Батюшка как вошел, начал кого-то из-под стола, из-под лавок выгонять - и все к двери, к двери. Потом просит маму: «Собери-ка мне Марусенькины платочки носовые». Мои то есть. Перестирал их и на веревку развесил. И потом, как мама мне рассказала, всю ночь не спал, стоял в изголовье моей кровати, плакал и молился, чтобы Господь мне терпения дал. Сбылись его пророчества. Выйдя замуж, родила я девочку - инвалида, 16 лет она жила - ни сидеть, ни есть сама, ни ходить не могла. Света белого не видела я от горя.

В дом батюшки мы часто ходили - помолиться. Какие чудесные были у него иконы! Таких нигде я больше не видела. Проповеди читал - заслушаешься. А уж если песни запоет церковные - слезы градом текли. Мне стыдно было при всех плакать, так я за печку пряталась. И обязательно, как придешь к нему, что-то подарит. Иконочку преподобного Тихона Калужского до сих пор храню, хоть и потемнела вся. А перед тем, как замуж выйти, батюшка дал мне зеркальце и расческу мужскую. За одного хотела пойти, спросила его - мой ли это суженый? Ничего не ответил, плюнул только. Я и отступилась от жениха этого. Скоро другой появился.

Я взрослая была уже девица, а все дедушкой Александром его звала. Таким он мне казался. Может, из-за бедной своей одежонки, которую ни за что не хотел менять на другую, и больных ног, покрытых страшными язвами. Однажды иду с работы, а батюшка мне навстречу. Пооглядывался и шепчет: «Марусенька, дай мне копеечку».

- Зачем, вам, дедушка Александр, копеечка? Я больше могу дать.

- Нет, нет, копеечку. Я вон там дом строить буду.

Сейчас я живу в доме на том самом месте, что указал батюшка. Построил его, правда, не он, а мы с мужем, но пророчество, которого в тот момент, я, конечно, не поняла, сбылось.

В войну я работала в Госбанке бухгалтером. Моя знакомая Тася Червякова, тоже бухгалтер, на фронте была. Три месяца весточек от нее мать не получала, извелась вся. Пошла к отцу Александру узнать, жива ли. Многие за этим к нему ходили. Он даже сетовал порой - мол, в гадалку превратили. Но мать Тасину принял благосклонно. Потом она вот что рассказывала. Насыпал отец Александр на стол земельки и спичек в нее навтыкал - круг из них получился. Внутрь круга этого положил что-то. И запричитал вдруг: «Ой, ой, курочка-то, смотри-ка, с яичком. Ну ничего, прибежит твоя дочка домой».

Через пару месяцев Тася вернулась с фронта с ребеночком. Оказывается, была в окружении и уже беременная - чудом удалось вырваться.

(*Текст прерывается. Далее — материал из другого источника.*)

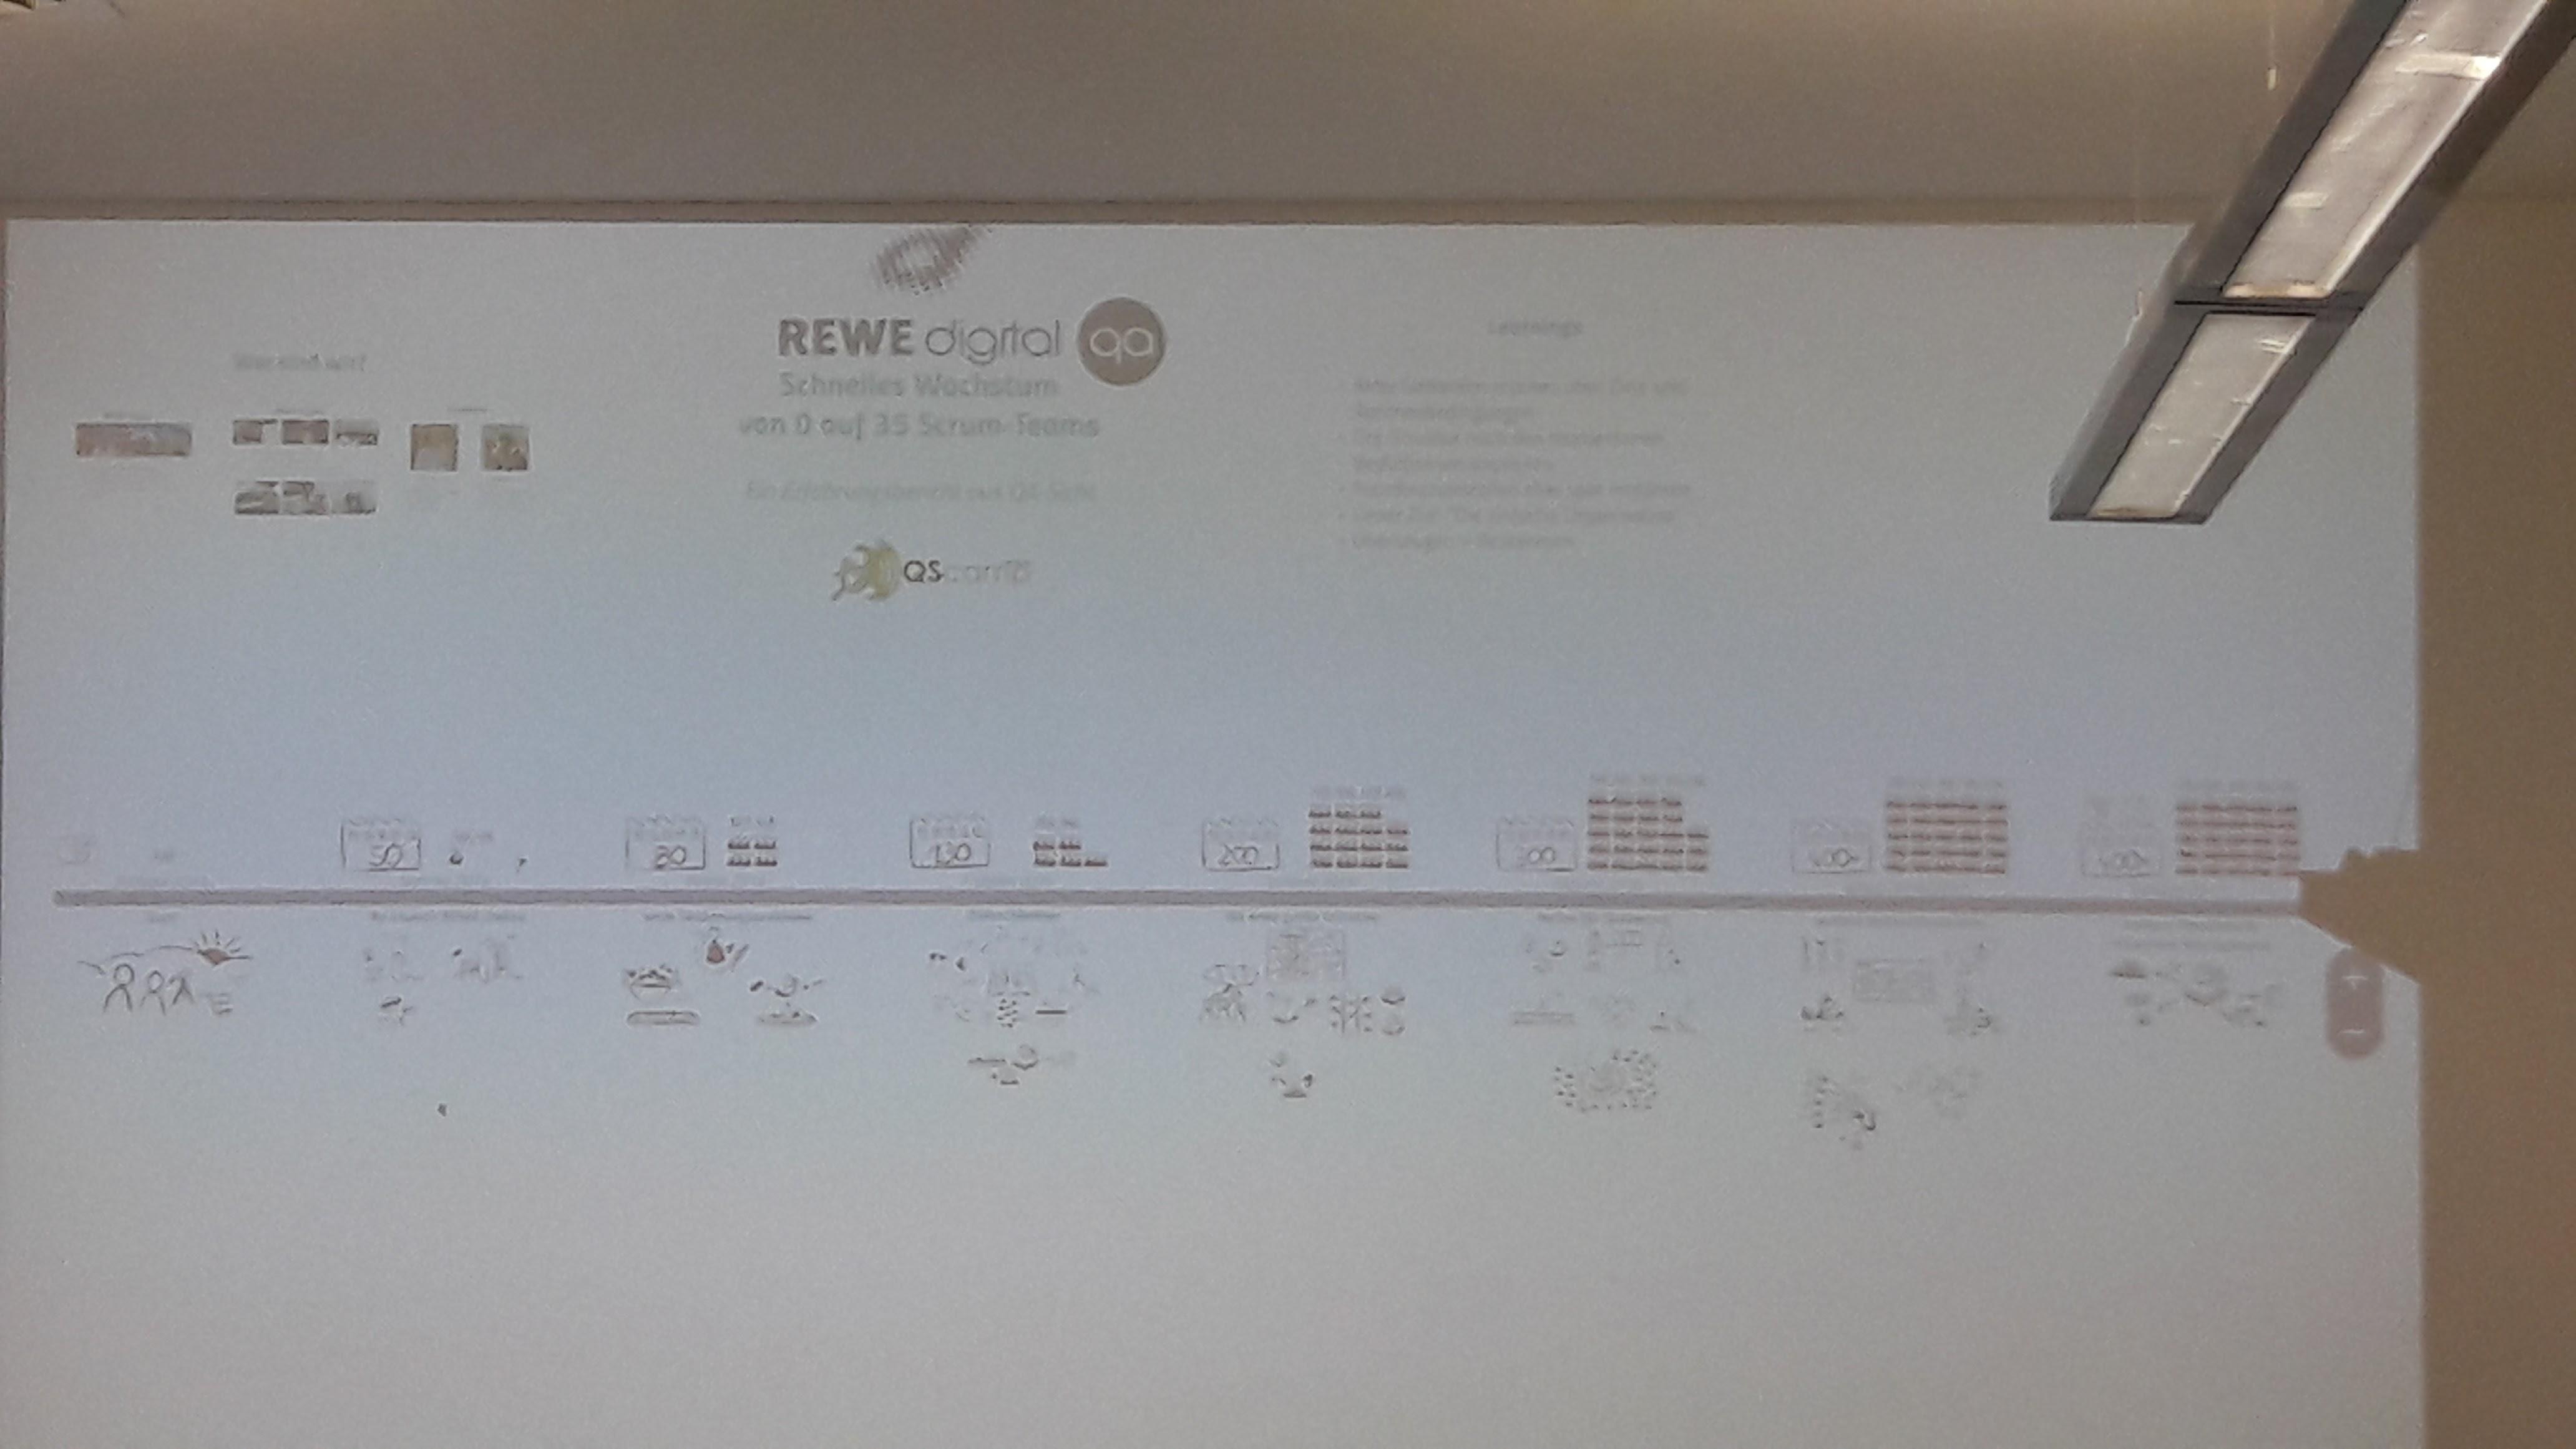 barcamp rewe digital keynote

Батюшка на плече сумку огромную с камнями носил. Я жалела его: «Дедушка, ведь тяжело тебе!» Тяжело, отвечает, грехи-то ваши носить.

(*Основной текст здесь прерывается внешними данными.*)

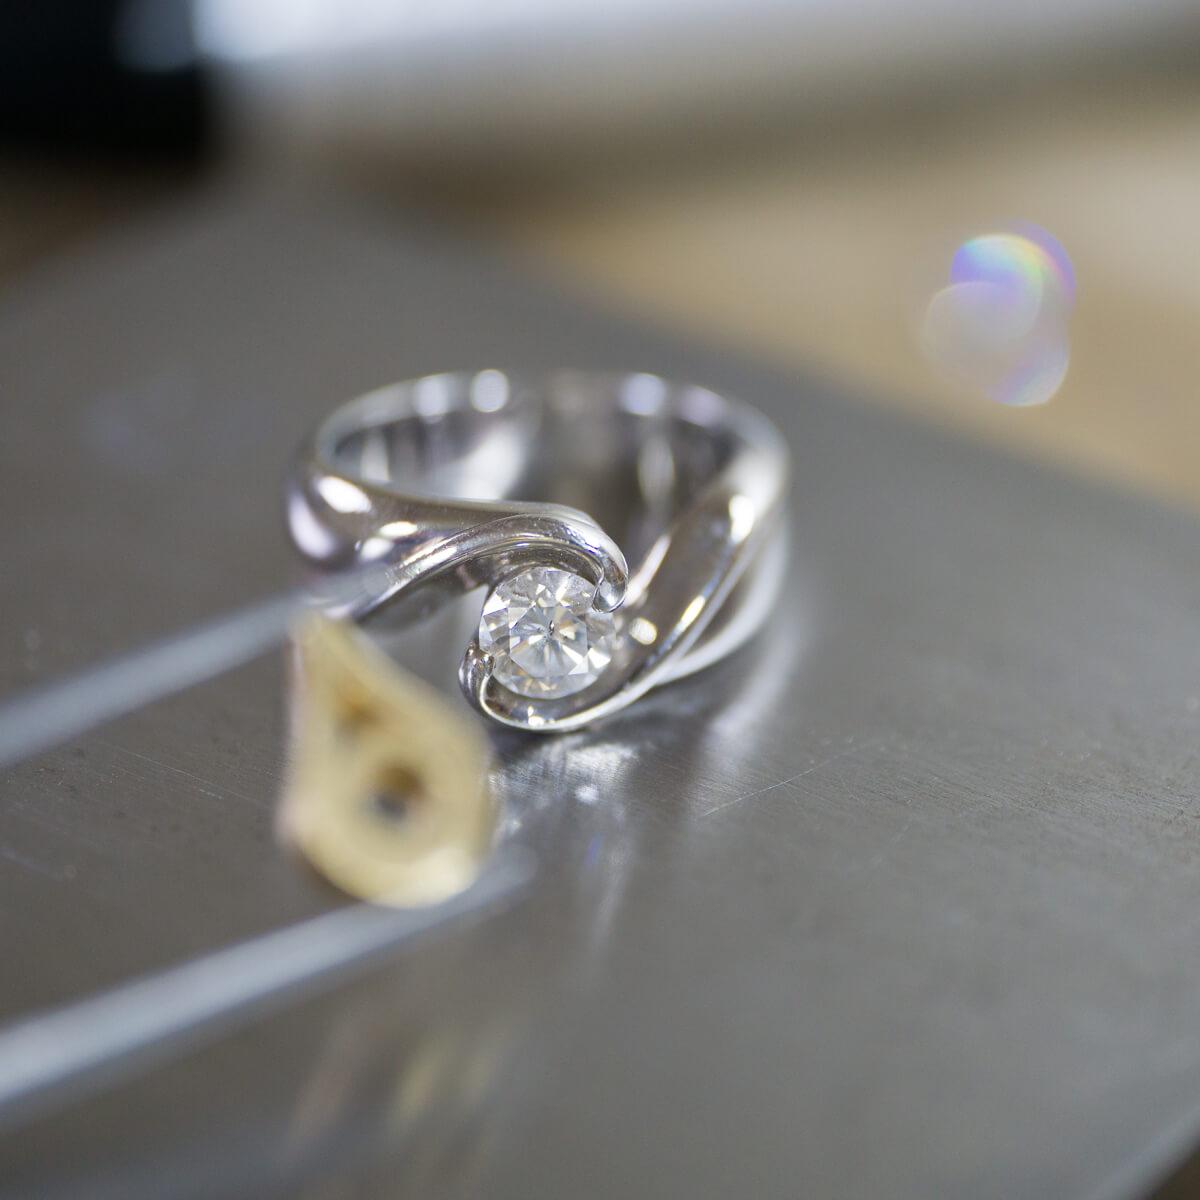 リメイクジュエリーの制作風景 ジュエリーのアトリエにダイヤモンドリング、ペンダントトップ ゴールド、プラチナ 屋久島だオーダーメイドジュエリー

О смерти его я узнала от постоялицы нашей. Пришла на Школьную, а дедушка мой на лавке лежит в своей комнате. Светлый такой - живой словно. Попрощалась с ним, поплакала. Больше увидеть его не довелось. На следующий день узнала, что уже похоронили батюшку.

* * *

Рассказывает Леонид Павлович Рыжов:

- Мои родители - Павел Сергеевич и Елена Кузьминична Рыжовы очень были дружны с батюшкой Александром (особенно отец), чтили его, как человека Божьего. Он и был таким. Мы с сестрой-близняшкой Тамарой целые вечера, разинув рты, слушали его рассказы о Боге - такая теплота и свет от него исходили. Жили бедно, голодали. Отец Александр жалел нас, ребятишек, часто приносил что-нибудь из еды, а матери иногда тайком давал деньги. Она пыталась отказываться, батюшка сердился: «Господь послал детям твоим, а ты брать не хочешь!»

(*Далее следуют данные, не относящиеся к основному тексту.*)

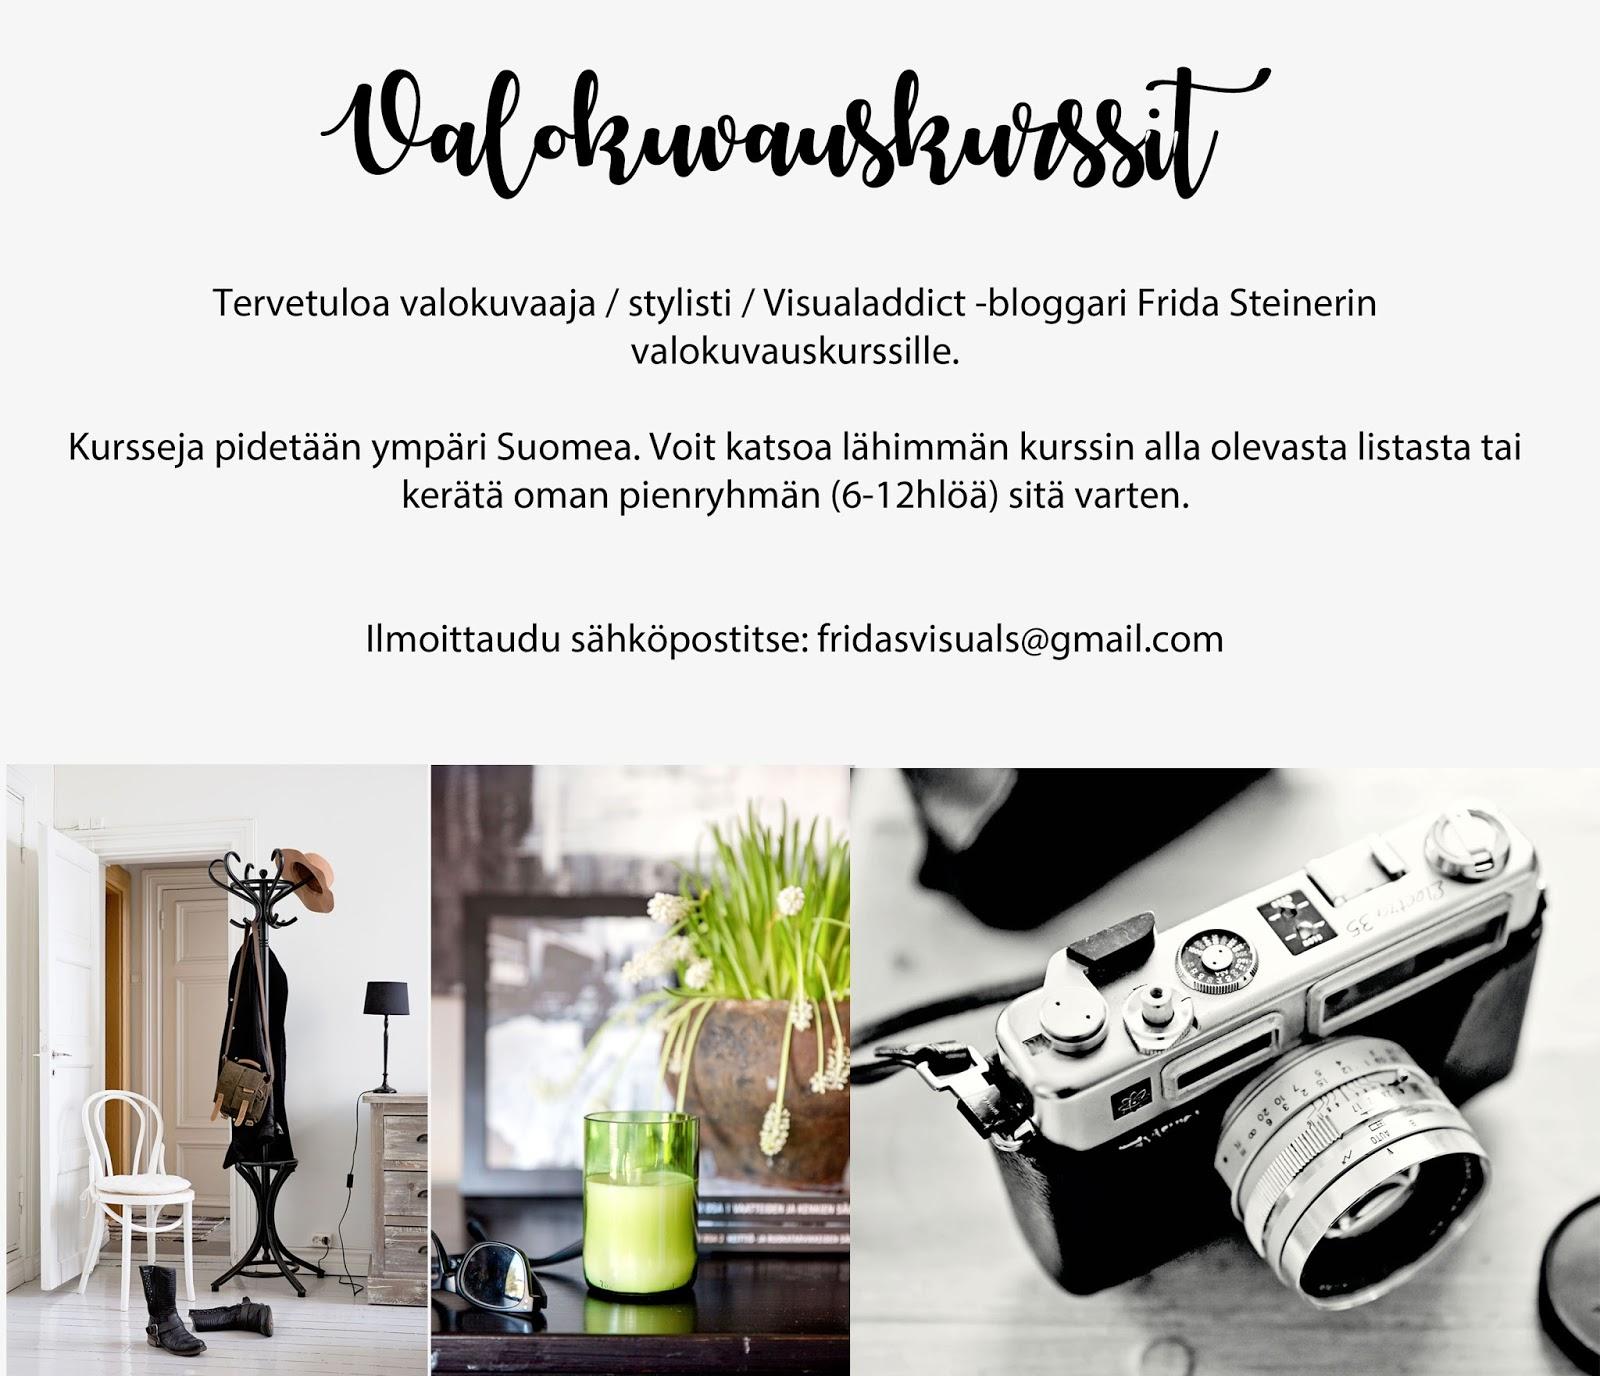 Valokuvaus, valokuvaaminen, valokuvauskurssit, valokuvaaja Frida Steiner, Frida S Visuals, Visualaddict, bloggarin valokuvauskurssi, peruskurssi, jatkokurssi, sisustuskuvaaminen, sisustusvalokuvaus, asetelmakuvaus, ruokakuvaus

Перед смертью, которую он давно себе предвещал, отец Александр передал моему отцу тяжелый серебряный крест - самую дорогую для него вещь. Хранился он в нашем доме до 46 года, до дня ареста отца.

Запомнил я сквозь страх и слезы, как ночью ворвались к нам вооруженные люди и, перерыв весь дом, увели отца. Исчез и батюшкин крест.

Осудили отца по 58 статье, объявили «немецким шпионом». Вернулся он через 8 лет, больным и седым стариком, не способным радоваться даже собственному освобождению и реабилитации. Единственное, что еще жило в нем, - это вера в Бога и память об отце Александре. Жива она и во мне.

* * *

Рассказывает Анна Александровна Удалова:

- Отца Александра я не знала, просто потому что меня в то время на свете не было. Но безмерно благодарна ему за то, что он спас от смерти мою старшую сестру Нину, родившуюся в 1941 году.

Мама наша, Мария Поликарповна Удалова, жила с Ниночкой в Якшанге. До трех лет девочка хорошо развивалась - рано начала ходить и говорить. А на четвертом году у нее вдруг отнялись ноги, она совершенно перестала есть. К каким только докторам мать ее ни носила - никто и ничего не мог понять. В конце концов поставили диагноз - истощение. Но мама в него не верила. В доме была корова, а значит и молоко, и масло, и все, что необходимо ребенку. Разуверившись в докторах, повезла Нину к отцу Александру. Взяв малышку на руки, он протянул ей кусок булки, который Нина тут же с жадностью съела. Мать была настолько поражена увиденным, что начала возить Нину к нему каждую неделю. Тем более что дома она по-прежнему в рот ничего не брала, только из рук отца Александра. Он и сам стал приезжать к нам, чтобы покормить девочку. Нина скоро совсем окрепла. Мама всю жизнь повторяла, что Нина наша отцом Александром у Господа вымолена.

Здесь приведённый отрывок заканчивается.